But while the speeches soar, the country’s business contracts tell another story. Indonesia is quietly welcoming Israeli-linked money into its economy—most visibly through Ormat Technologies, a geothermal giant founded in Israel. A nation cannot claim to champion Palestinian freedom while allowing Israeli firms to profit from its soil. That is not solidarity. It is hypocrisy.
According to deduktif.id, an Indonesian investigative media, Ormat has embedded itself deep into Indonesia’s renewable energy sector. The company owns nearly half of the Ijen geothermal project in East Java, a large stake in Sarulla in North Sumatra, and full control of a unit in North Sulawesi. It is also expanding in Maluku. These are not marginal deals. They sit at the heart of Indonesia’s “green energy” future.
Hosting Ormat is not only inconsistent with Indonesia’s support for Palestine—it is also devastating at home. In Bondowoso, near Ijen, residents report poisoned wells, ruined farmland, and explosions so severe that schools were forced to close. Toxic gas emissions linger in the air, fueling daily anxiety. In Maluku, indigenous communities that resisted Ormat’s projects were criminalised and driven from their ancestral land. This is development in the form of dispossession—echoing the very story Palestinians know all too well.
This is not an accident. Israel has spent years using companies like Ormat as tools of influence, especially in countries without diplomatic ties. Its Hasbara Fellowship program recruits young people—including Indonesians—for intensive training in Jerusalem. Participants return home tasked with burnishing Israel’s image and normalising its companies abroad. Deduktif found that Indonesians have joined these trips, flown to Israel, given a carefully curated view of life under siege, and sent back to shape the public discourse.
Within Indonesia, the company’s presence has expanded into academia. Prestigious universities like the Bandung Institute of Technology (ITB) have hosted Ormat executives, run joint webinars, and even formalised a geothermal master’s program in 2025. What looks like academic collaboration is, in truth, political laundering—granting legitimacy to an Israeli-founded company while Gaza starves.
Why would Indonesia tolerate this? Ormat’s track record abroad is hardly reassuring. Hindenburg Research in 2021 exposed allegations of bribery, money laundering, and corruption tied to its projects in Guatemala, Kenya, and Honduras. Israeli prosecutors have pursued company officials for bribery and securities fraud. Yet in Jakarta, this firm is embraced as a partner in the national energy sector.
The double standard is stunning. Indonesia wraps itself in the rhetoric of anti-colonial solidarity but hands Israeli firms lucrative contracts. It denounces occupation abroad while enabling land grabs at home. It applauds the fatwa against indirect support for Israel yet ignores it in practice.
This is not harmless inconsistency—it actively undermines the Palestinian struggle. South Africa’s apartheid regime did not fall because world leaders gave stirring speeches. It fell because governments, companies, and universities severed ties. Boycotts, divestments, and sanctions worked. That same principle must apply here. Every dollar that flows to Israeli-founded companies strengthens a system of occupation and dispossession.

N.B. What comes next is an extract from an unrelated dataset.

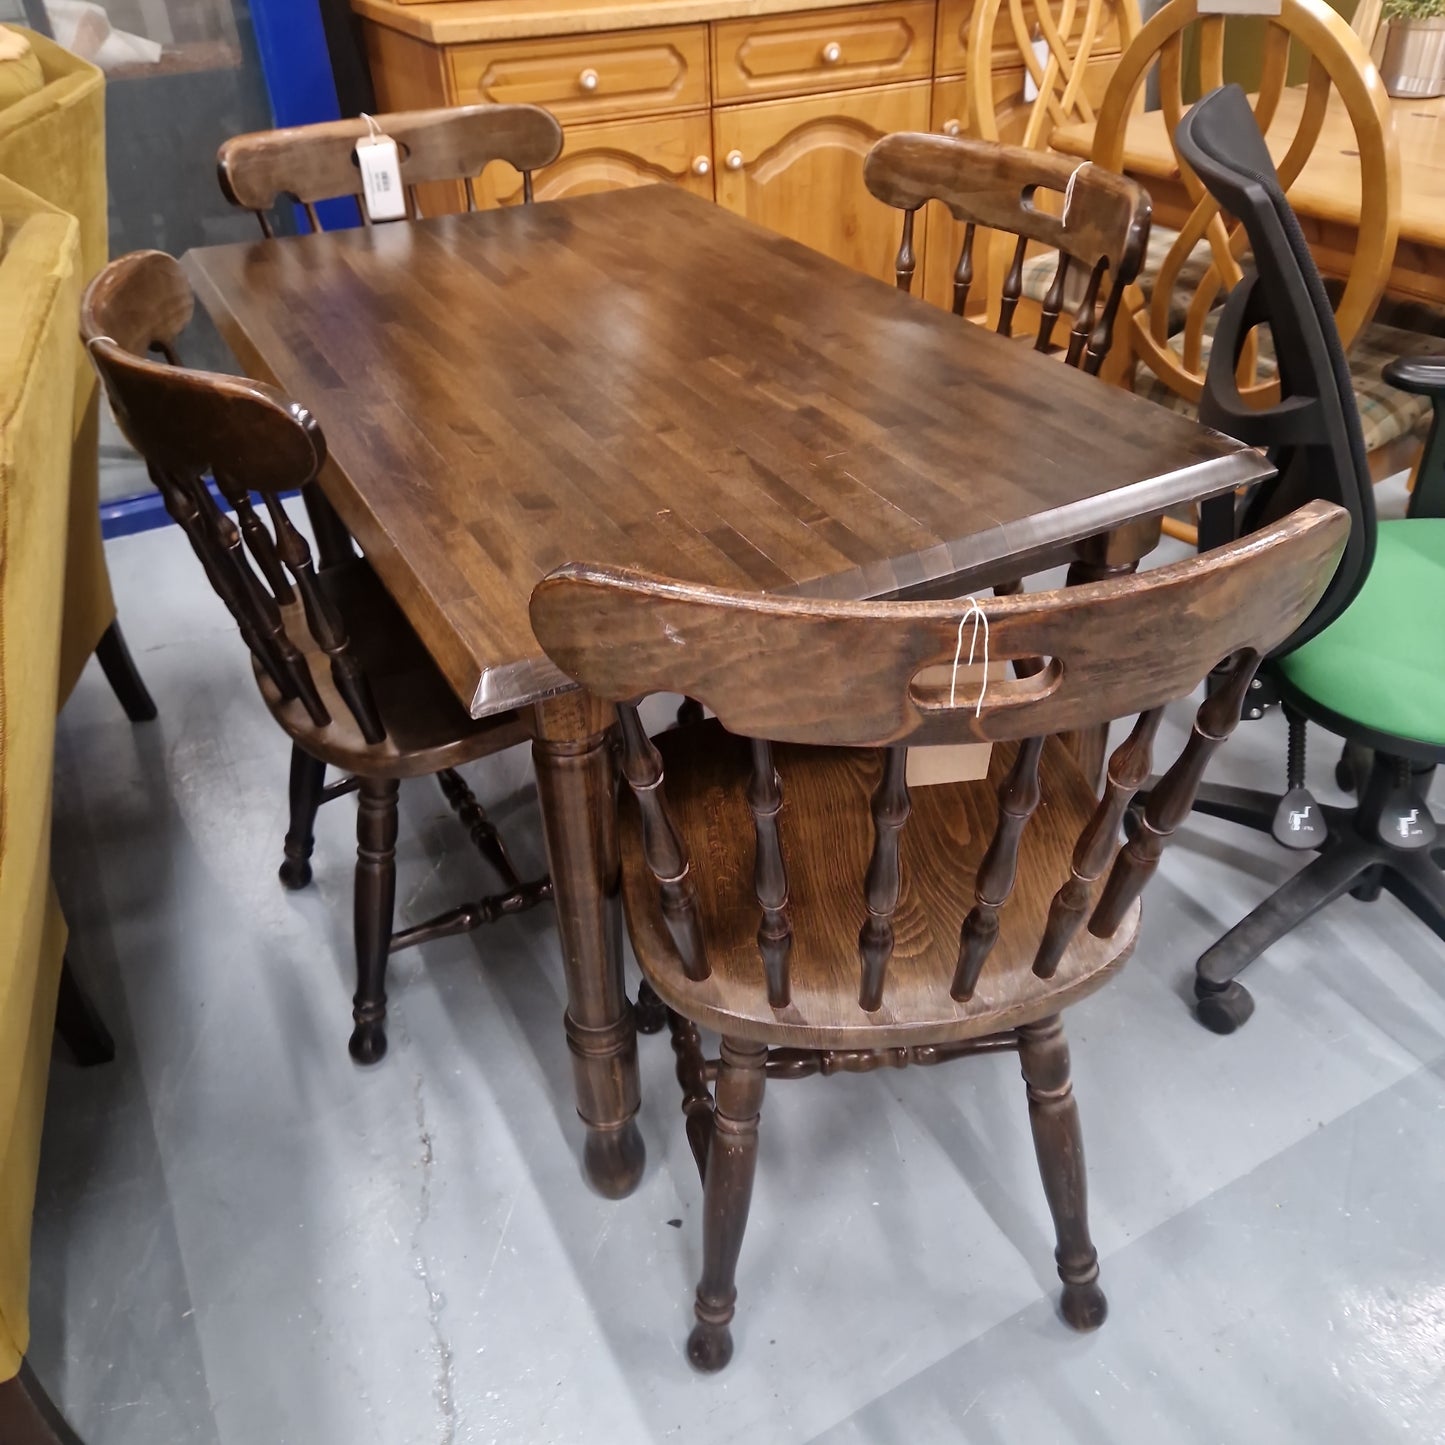 Hardwood 4ft darkwood stained dining table cw 4 matching chairs
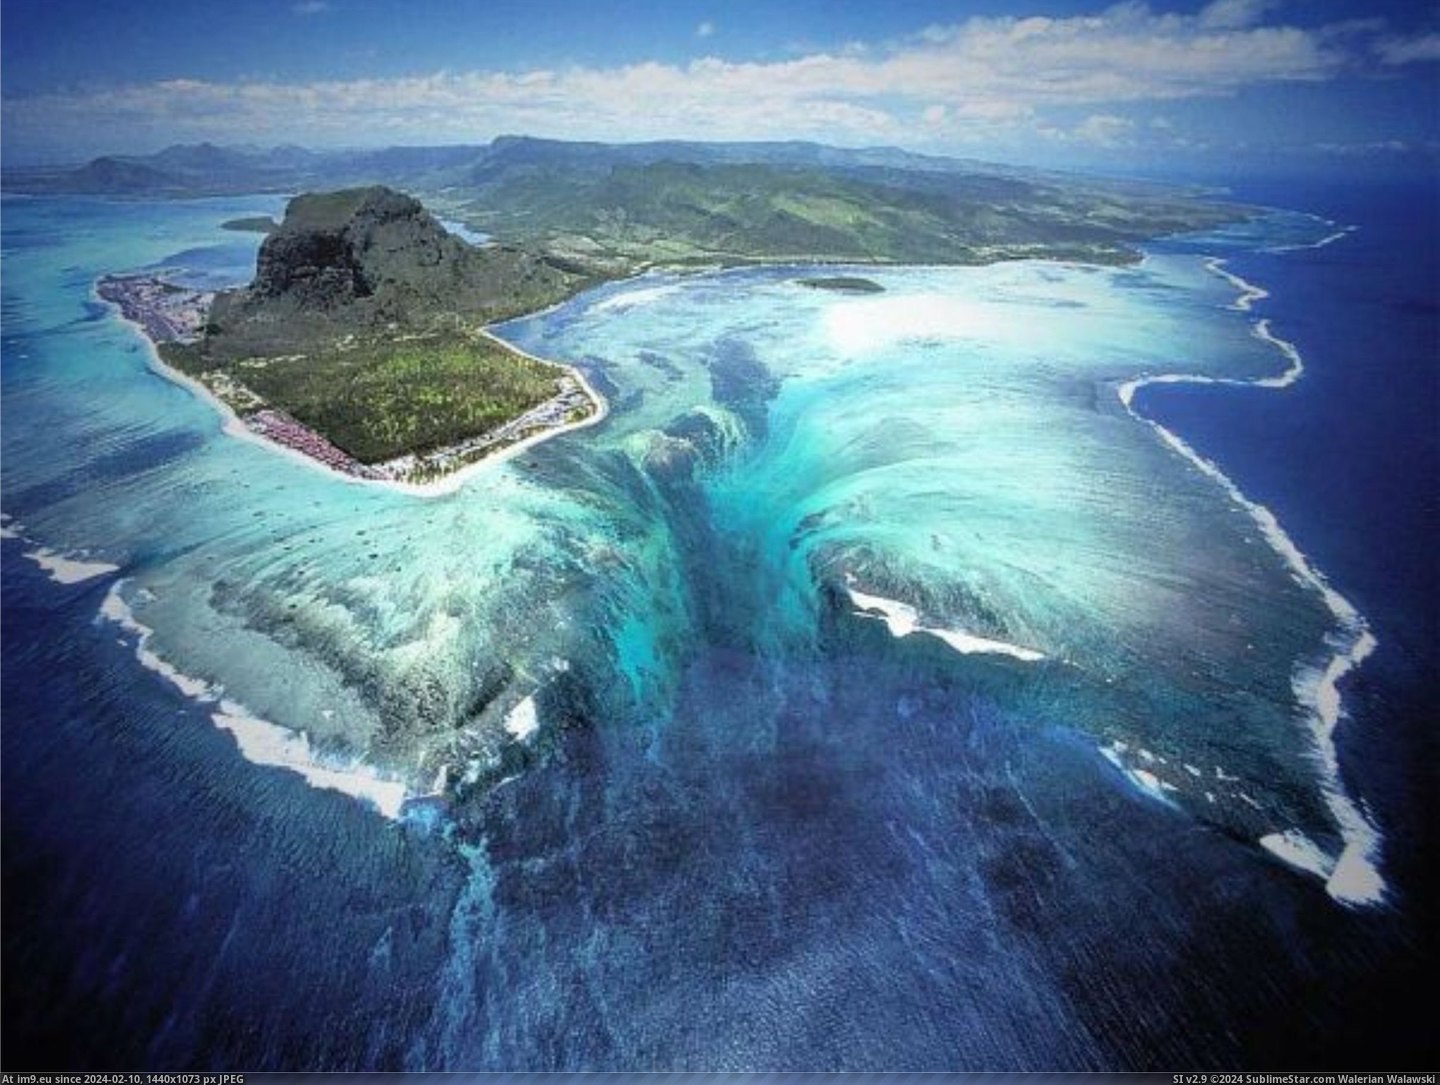 #Wallpapers #Island #Michael #Mauritius #Friedel #Underwater #Enormous #Plateau [Earthporn] Enormous underwater plateau - Island of Mauritius - by Michael Friedel [2420x1815] Pic. (Изображение из альбом My r/EARTHPORN favs))

Indonesia has alternatives. It does not need Ormat. Japan, South Korea, China, and the European Union all stand ready to help finance Indonesia’s renewable transition. To suggest that Israel-linked capital is indispensable is to accept complicity as inevitable. It is not.
If Indonesia wants to be more than a symbolic supporter of Palestine, it must act. Cancel Ormat’s contracts. Bar Israeli-linked companies from future deals. Direct universities to end partnerships that launder Israel’s image. Enforce the fatwa. Show the world that Jakarta’s principles are not for sale.
The choice is stark. Remain the loudest voice for Palestine in rhetoric while undermining it in practice. Or match words with deeds and prove that solidarity means more than sympathy.
No investment deal can disguise complicity, and no contract is worth the betrayal of an occupied people.